B. Newly Discovered Evidence
Included within the Motion for Reconsideration, Plaintiffs submitted the statement of Plaintiff Woods under the title of “affidavit.” We interpret the affidavits inclusion to support Plaintiffs’ Motion for Reconsideration on the theory of presenting newly discovered evidence. The Third Circuit has defined “new evidence” in the reconsideration context as evidence that was previously not available to be submitted to the court prior to the adverse ruling, and not evidence available but submitted post judgment. See Blystone v. Horn, 664 F.3d 397, 415-16 (3d Cir. 2011) (citing Howard Hess Dental Labs., Inc. v. Dentsply Int’l, Inc., 602 F.3d 237, 252 (3d Cir. 2010)). Under this definition, the affidavit of Plaintiff Woods is not newly discovered evidence but, rather, an attempt by Plaintiffs at rehashing in greater factual detail Plaintiffs’ claims against Defendants. These typed statements by Plaintiff Woods were available before the dismissal of Defendants and, therefore, are not available for use in a motion for reconsideration. See Norman v. Elkin, No. 06-005, 2008 WL 2662997, at *3 (E.D. Pa. July 2, 2008) (holding that “to the extent that Defendants have presented deposition testimony not previously presented, and not newly discovered, their motion for reconsideration is unsupported”); United States ex rel. Atkinson v. Pa. Shipbuilding Co., No. 94-7316, 2004 WL 2095442, at *3 (E.D. Pa. Sept. 16, 2004) (finding that newly presented documents that were in the possession of plaintiff prior to the close of discovery precluded motion for reconsideration).
C. Request for Oral Argument
Under the Local Rules “any interested party may request oral argument on a motion, ” but “the court may dispose of a motion without oral argument.” E.D. Pa. Loc. R. Civ. P. 7.1(f). Since Plaintiffs have failed to demonstrate any basis for reconsideration of our judgment dismissing the claims against Defendants, Plaintiffs’ request for oral argument is denied.
For the reasons expressed supra, Plaintiffs’ Motion for Reconsideration is denied.

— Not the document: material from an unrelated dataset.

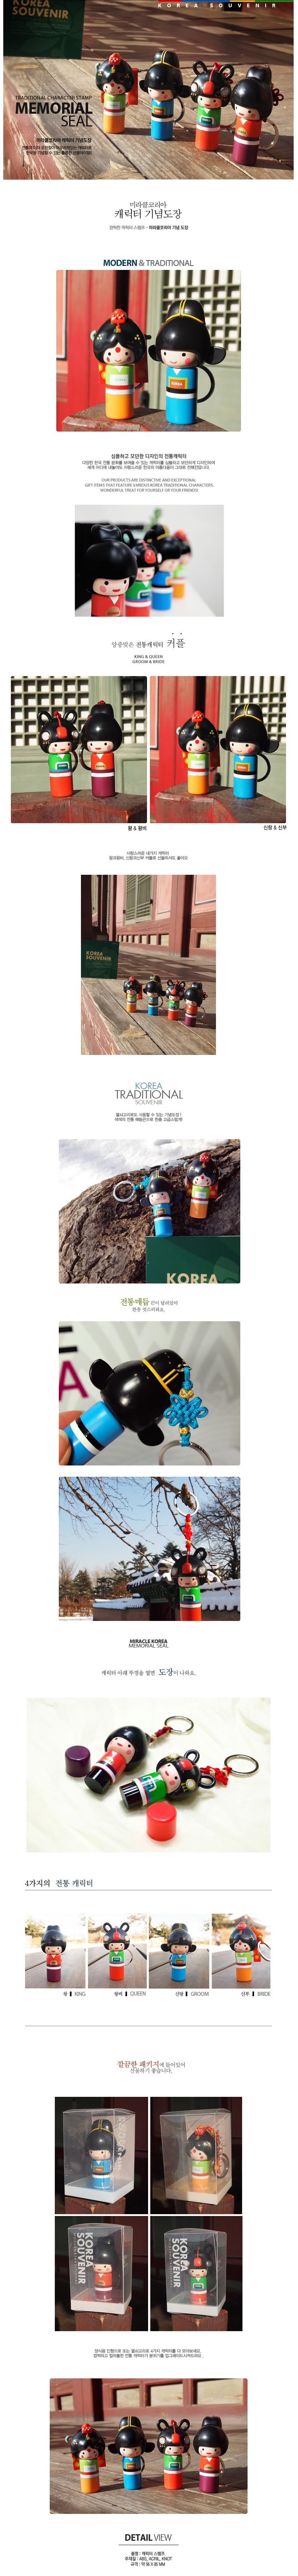 miracle korea-stamp $19 on kstargoods.com

An appropriate Order follows.
AND NOW, this 6th day of December, 2013, upon consideration of the Plaintiffs Teri Woods and Teri Woods Publishing, L.L.C.’s Motion for Reconsideration (Doc. No. 69), and Defendants, Urban Knowledge and Carl Weber’s, Response in Opposition, it is hereby ORDERED that said Motion is DENIED.
It is FURTHER ORDERED that Plaintiffs’ Request for oral argument on its Motion for Reconsideration is DENIED.